Large firms also tend to be old and in mature markets. Both of these have negative implications for future growth. Old firms tend to have a large retiree base, with high associated pension and health costs, and may be unionized, with associated higher salaries and labor rights. Mature markets tend to only offer the potential for small, incremental growth. (Everybody might go out and buy a new invention next year, but it is unlikely they will all buy cars next year, since most people already have them.)
While diseconomies of scale are typically associated with large mature firms, similar problems have been observed in the growth phase of small and medium-sized manufacturing companies. Mclean[3] has observed that this can occur once the workforce exceeds around 20 employees. At this point business complexity grows more rapidly than revenue. The business experiences falling productivity, leading to rising variable costs along with rapidly rising overheads.[4]
Solutions to the diseconomies of scale for large firms may involve splitting the company into smaller organisations. This can either happen by default when the company is in financial difficulties, sells off its profitable divisions and shuts down the rest; or can happen proactively, if the management is willing.
To avoid the negative effects of diseconomies of scale, a firm must stick to the lowest average output cost and try to recognise any external diseconomies of scale. Moreover, on reaching the lowest average cost, a firm must either expand to other countries to increase demand for its products, or seek new markets or produce new products that do not compete with its original products. However, neither of these actions will necessarily eliminate communications and management problems often associated with large organisations.
A systematic analysis and redesign of business processes, in order to reduce complexity, can counter diseconomies of scale. (Of course, this phase of analysis and revamping in itself can be, and usually is, a diseconomy leading to hiring of new personnel and investment in new, competing systems.) This leads to increased productivity. Improved management systems and more effective control of labor and operations can lower overhead.

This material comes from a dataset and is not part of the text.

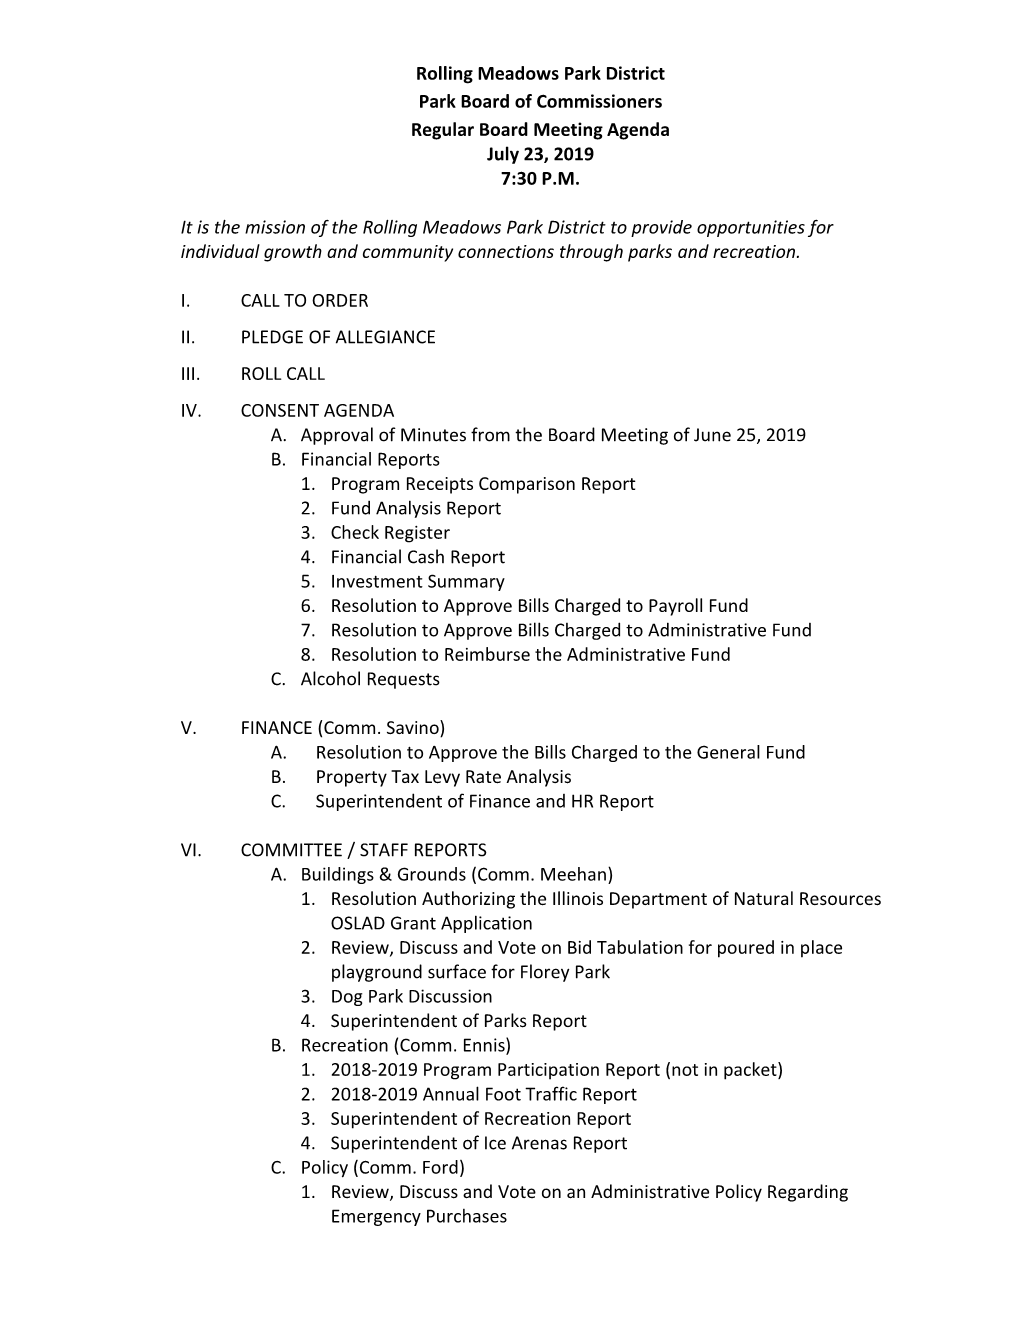 Rolling Meadows Park District Park Board of Commissioners Regular Board Meeting Agenda July 23, 2019 7:30 P.M

Returning to the example of the large donut firm, each retail location could be allowed to operate relatively autonomously from the company headquarters.
For instance, the local management may decide on the following factors instead of relying on the central management:
While a single, large, centrally-controlled firm may have higher ability to innovate and develop or market new products more effectively than when its resources are divided, it may lack the flexibility to offer individual customizations. Allowing the different retail locations to make decisions independent of the central management may allow them to meet local consumers' demands more efficiently.
In addition, if the employees own a portion of the local business, employees will also have a more vested interest in its success.
Note that all these changes will likely result in a substantial reduction in corporate headquarters staff and other support staff. For this reason, many businesses delay such a reorganization until it is too late to be effective. However, the whole company incurs reputation and legal risks arising from each unit.
The empirical validity of diseconomies of scale as a rule of thumb has been criticised in recent years, following the increasing concentration of transnational corporations on the global level. The Cambridge economist Peter Nolan calculated that in almost all global production sectors, transnational corporations had merged and concentrated since the 1980s instead of succumbing to diseconomies of scale, leading to significant market power concentration and oligopolistic competition on the global level.[5] This criticism suggests that earlier concerns on diseconomies of scale, e.g. voiced by Alfred Marshall, are increasingly invalid, as improvements to global supply chains, communication technology and reduction of transport costs allow benefits of scale (e.g. concentration of spending on R&D and market power) to trump diseconomies of scale.